2001’deki mutlak çöküşle birlikte yeni bir iktisadi zihniyete geçmek durumunda kalan Türkiye’de işler 2002 ile birlikte değişmeye başladı. Öncelikle yeni klasik ekonominin özel sektör eliyle gelişme şiarı kamu ekonomi politikalarının merkezine yerleşti. Bu doğrultuda, tasarrufları kara bir delik misali içine çeken kamu maliye sisteminde önemli reformlar yapıldı, yıllardır sürüncemede kalmış özelleştirmeler gerçekleştirildi, para politikası Hazine’nin vesayetinden önemli ölçüde arındırıldı. Bu sayede uygulanan enflasyon hedeflemesi politikaları büyük ölçüde başarılı oldu. Böylece yıllarca enflasyonist ortamda işletme sermayesinin vade yapısının yönetimine dayanan yönetim anlayışı, yerini operasyonel verimlilik, birleşmeler ve satın almalar yoluyla ölçek ekonomilerinden faydalanma, markalaşma gibi azalan kâr marjlarını artırmaya dönük faaliyetlere ağırlık veren yeni anlayışlara bıraktı. Bu durum şirketlerin insan kaynakları politikalarını da etkiledi. Daha az sayıda, daha genç ve motive kadrolarla daha fazla katma değer oluşturma düşüncesi, daha çok vurgulanır haline geldi.
2002-2009 döneminde istihdamın sektörel dağılımında da önemli dönüşümler gerçekleşti: Toplam istihdam içinde tarım sektörünün ağırlığı %34’ten %24’e inerken, hizmet ve sanayi sektörlerinin payları sırasıyla %42’den %50’ye ve %18’den %19’a yükseldi.
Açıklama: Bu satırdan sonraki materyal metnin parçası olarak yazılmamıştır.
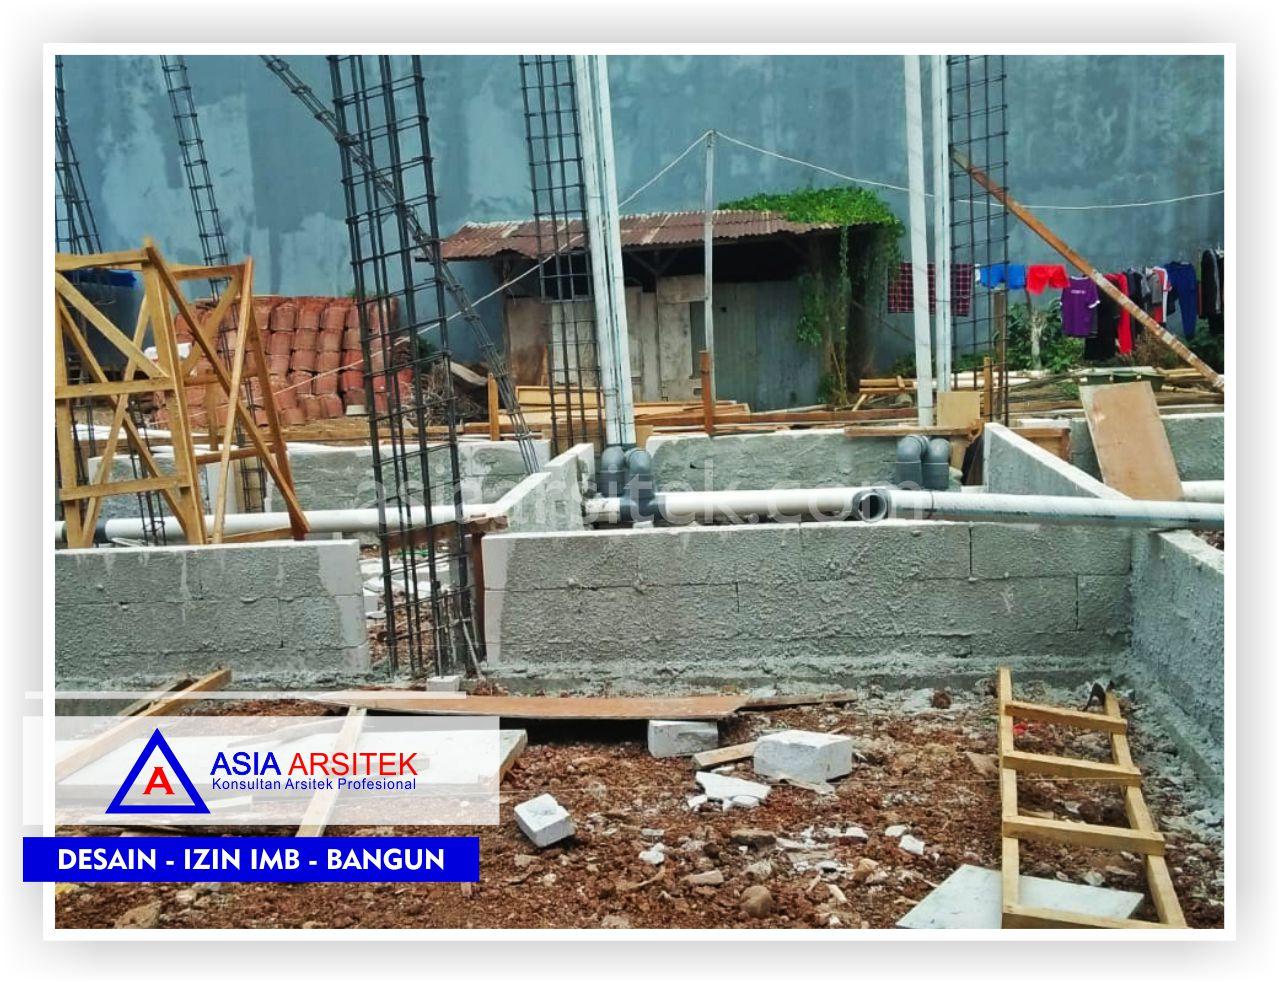 Struktur Kolom Rumah Minimalis Bu Alfi Di Jakarta-Bogor-Tangerang-Bekasi-Bandung-Jasa Konsultan Desain Arsitek Profesional - Desain Rumah Mewah - Arsitek Gambar Desain Rumah Klasik Mewah 2

Aynı dönemde ücretli çalışanların oranı %49’dan %60’a yükselirken, aile işçisi olarak çalışanların ve işverenlerin oranları sırasıyla %7 ve %3 azaldı. Hemen her sektörde, özellikle de tarımda kayıt dışı çalışma oranı azalsa da, halen kayıtlı çalışan sayısının yarısından fazla da kayıt dışı çalışan olduğu tahmin ediliyor. Ocak 2010 verilerine göre, sosyal güvenliği olan 15 milyon çalışan bulunurken, bakmakla yükümlü olunan kişiler de hesaba katıldığında bu rakam 58 milyona tekabül ediyor.
Bütün bu gelişmeler, aslında kamu sektörü eliyle değil, liberal politikalarla ve özel sektör eliyle ekonomik gelişimi yakalama düşüncesinin bir sonucuydu. Eğer Türkiye’de istihdam alanında politikalar geliştirilecekse, bu konuda tutarlı olmak ve özel sektörün ihtiyaçları doğrultusunda doğru işleri yapmak gerekir. Halihazırda özel sektörün acil çözüm bekleyen iki eleştirisi bulunuyor: istihdam üzerindeki vergiler ve kıdem tazminatı uygulamaları.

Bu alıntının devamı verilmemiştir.